Emma n'était pas une grosse liseuse, au contraire de sa meilleure amie, Louise. Celle-ci dévorait les romans comme s'ils étaient des cupcakes, faisant la joie des libraires dès qu'elle entrait dans leurs magasins. Louise lisait de tout, mais avait une prédilection pour les romans de « SFFF », comme elle les appelait. Emma avait mis du temps à mémoriser ce que cela voulait dire, mais aujourd'hui, elle comprenait quand son amie lui parlait des histoires de « science-fiction, fantasy, fantastique ». Non qu'elle soit capable de bien faire la différence entre les genres, son appréhension de la chose se limitait à : science-fiction= robots et vaisseaux spatiaux, fantasy = elfes et dragons, fantastique = vampires, loups-garous et zombies. Comme vous vous en doutez, Emma n'était pas très fan du genre fantastique.


L'auteur favori d'Emma avait commencé par de la science-fiction, avec des robots ayant presque annihilé l'espèce humaine, réfugiée dans des vaisseaux dans l'espace. La couverture du roman était jolie, et Emma l'avait acheté sans même regarder le résumé au dos. Elle cherchait au départ un cadeau pour Louise. Finalement, alors qu'elle s'ennuyait dans le métro pour rentrer chez elle, elle avait lu les premières pages, et le coup de foudre s'était produit. Rien ne l'avait préparée à tomber amoureuse de mots écrits sur du papier.Elle avait alors suivi de près tout ce que faisait l'auteur. Lorsque enfin, après cinq années de passion dévorante, l'auteur avait annoncé une tournée de dédicaces en France, la jeune femme avait cru défaillir de joie, avant de tressaillir d'horreur à l'annonce de la sortie du roman.


Zombie.


Son auteur venait d'écrire une histoire de zombies.Pourquoi ? s'était-elle lamentée, trahie. Elle aurait tout donné pour lui, et il la récompensait en lui offrant ce qu'elle avait le plus en horreur ? Bien sûr qu'il ignorait tout de sa phobie, mais tout de même, un peu de considération ne faisait pas de mal, non ?

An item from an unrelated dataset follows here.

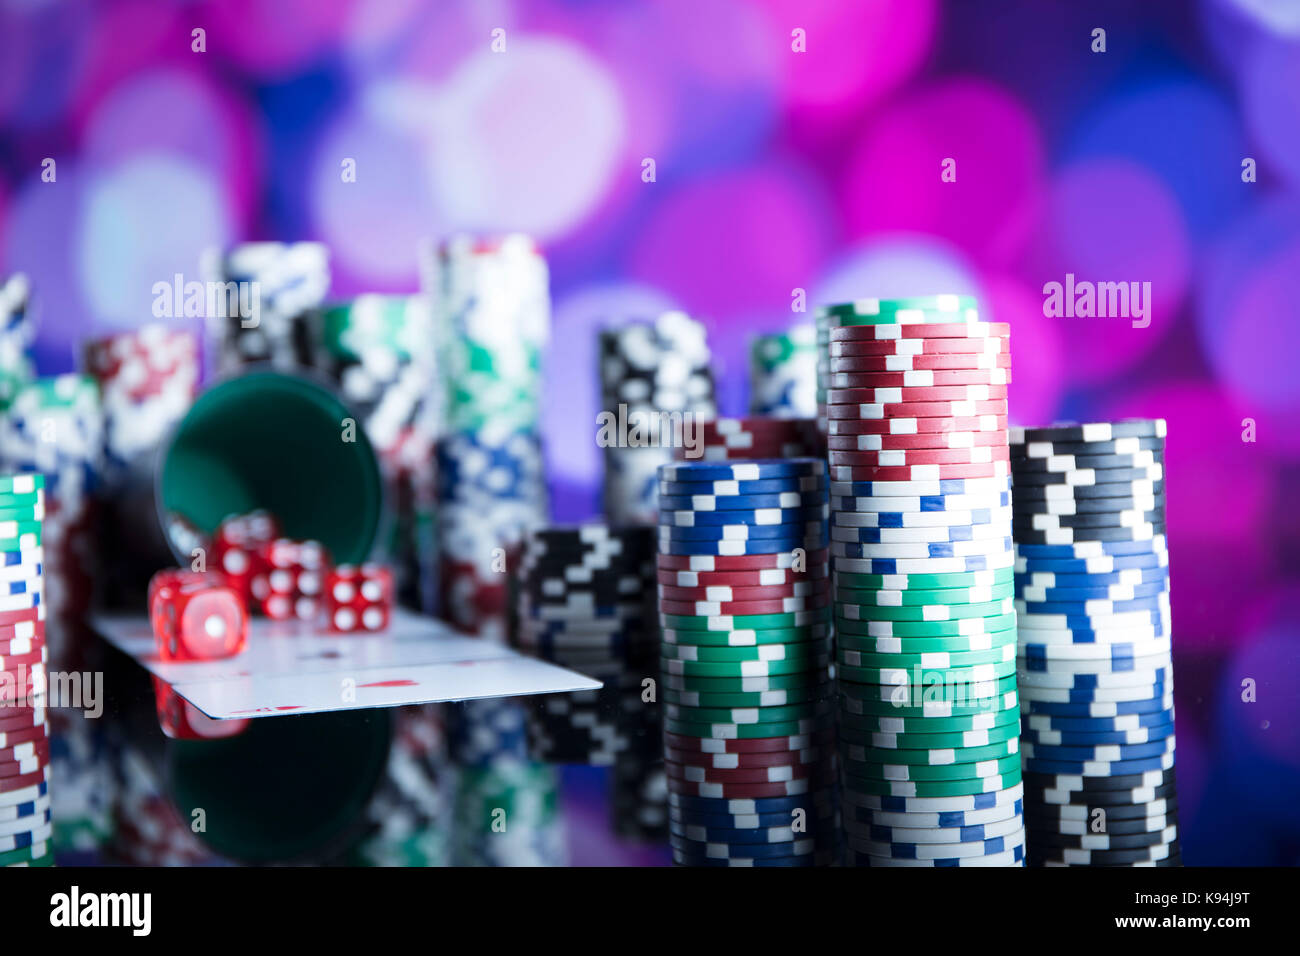 Casino Thema. Kontrastreiches Bild von casino Roulette, Poker Spiel, Würfelspiel, poker chips auf einem Spieltisch, alle auf bunten bokeh Hintergrund. Stockfoto

Louise s'était copieusement moquée d'elle. Il fallait dire qu'elle adorait les zombies, elle. Fan ultime de Z Nation et autre Walking Dead, elle ne ratait pas une occasion de répéter à sa meilleure amie tout ce qu'elle manquait en n'étudiant pas les messages portés par ces œuvres apocalyptiques.

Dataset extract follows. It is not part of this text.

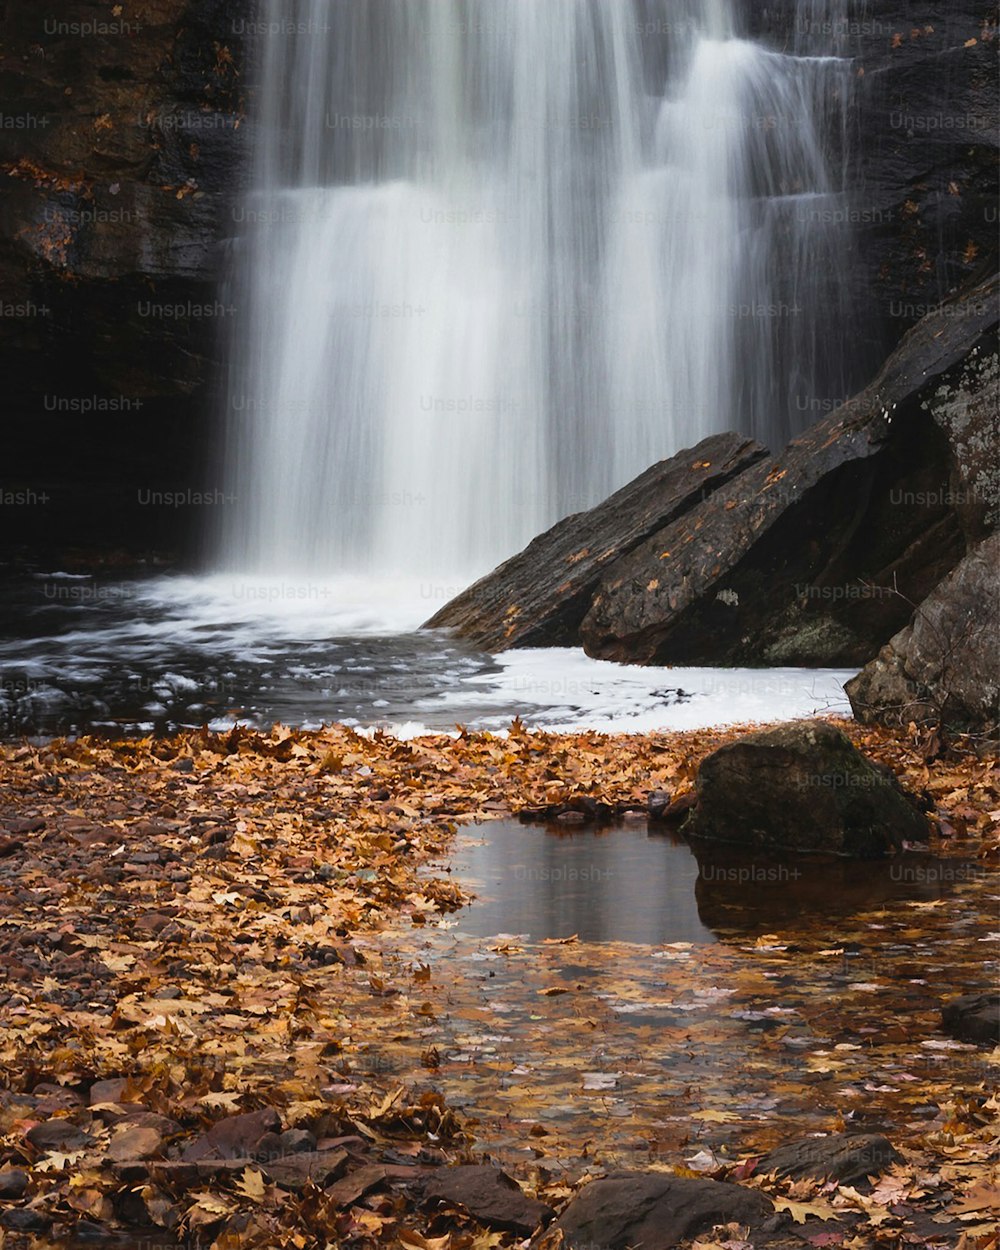 une cascade avec de l’eau en cascade sur des rochers et des feuilles mortes

Emma s'était résignée. Quand elle s'imaginait ne pas lire le dernier ouvrage de son auteur favori, un grand vide s'emparait de son âme. Bien entendu, elle pouvait toujours se rendre à la dédicace et faire signer tous les autres romans, l'auteur ne s'en formaliserait sûrement pas. Mais Emma se sentait coupable, alors elle l'avait acheté. Par chance, la couverture n'était pas explicite, et était sobrement illustrée de quelques tâches écarlates. Même le titre ne comportait pas le mot honnis. Elle s'était promis de le lire, un jour de grand soleil et bien enfermée dans son appartement. Ce n'était pas encore arrivé, et le jour de la dédicace, elle avait fait la liste des excuses à donner à l'auteur. Comme s'il allait en avoir quelque chose à faire ! s'était-elle dit en riant nerveusement. Elle avait apporté un soin tout spécial à sa tenue, coiffé ses longs cheveux d'une tresse savamment travaillée. Un peu de maquillage, mais pas trop, et hop, direction le centre commercial.